С тех пор в северных провинциях его никто не видел; ни зимой, ни следующим летом вестей о Ван Луне не было. Даже среди «братьев» и «сестер» о нем ходили только неясные слухи. Го, в прошлом командир императорской роты, похоже, знал о местопребывании Вана больше других; именно Го встречался с Ваном у стен Хуайцина. От него и стало известно, что Ван жив; несколько раз Го как будто давал понять, что Ван вскоре вернется, но как только заходил более конкретный разговор об основателе союза «поистине слабых», Го умолкал, отворачивался, им овладевала печаль.

Ван Лунь окончательно покинул северные провинции через два дня после того, как Го сообщил ему подробности гибели «Расколотой Дыни». Слухи о трагическом событии опередили Вана, которому пришлось прятаться в течении целого дня. Сухопарый Го знал не так уж много деталей: кое-что из того, что ему рассказали, он забыл, потрясенный кошмаром происшедшего.

Когда Ван внезапно возник перед ним – с осунувшимся лицом и налитыми кровью глазами, преобразившийся в демона войны и мести: не человек, а только мозг и рука как придатки к Желтому Скакуну, – Го так испугался, что Вану пришлось поддержать его, ухватив за отворот куртки.

Они пошли вдоль стены; уселись в сломанной клетке для преступников, в которой обычно ночевали нищие; Ван подождал, пока Го успокоится.
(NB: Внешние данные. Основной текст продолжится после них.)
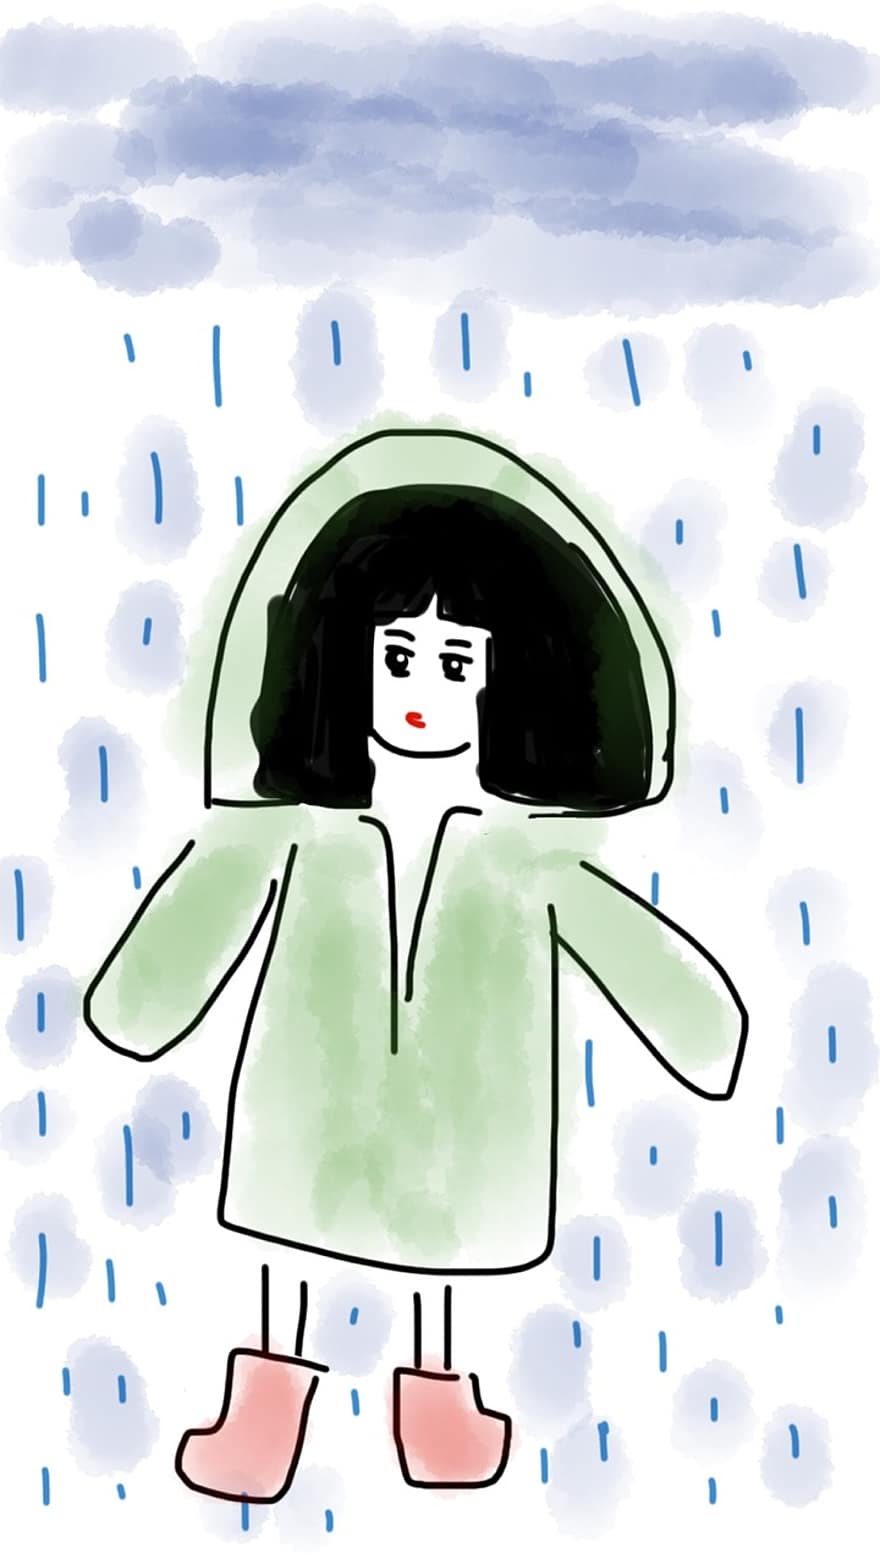 κορίτσι, αδιάβροχο, βροχή, γαλότσες, παιδί, καιρός, βροχερός, σκοτάδι, σύννεφο, συννεφιασμένος, βρεγμένος

Потом Го стал отвечать на его вопросы – тихо, словно пугаясь собственного голоса; часто спрашивал: «Как же ты теперь, Ван?»

Го рассказал в общих чертах о ночной сумятице в Монгольском квартале, о том, как отдельные братья пытались бежать из города и, мертвые, падали с внешней стороны стены. Более ясно он представлял себе, как горожане на рассвете вторглись в Старый город; ему даже были известны имена начальника отряда городских ветеранов и других командиров, а также бонз, которые заклинали злых демонов. Услышав, что ни один из осажденных не пережил той ночи, Ван с облегчением вздохнул, грозно нахмурился, ударил себя в грудь, после чего застыл в неподвижности как бронзовый истукан.

Потом спросил – в то время как налетавший порывами ветер сбрасывал на них с верхних реек пушистый снег, – чьи судьбы привлекли к себе особое внимание.

Го помолчал; упомянул о некоторых происшествиях, не называя имен пострадавших (он их не знал); затем описал, как нашли Красавицу Лян Ли, еще живую; рассказывая, он очень разволновался и закончил свою речь горестным изложением обстоятельств смерти Ма Ноу.

Тут Ван Лунь зарыдал; схватился за Го, зажал себе уши, отвернулся.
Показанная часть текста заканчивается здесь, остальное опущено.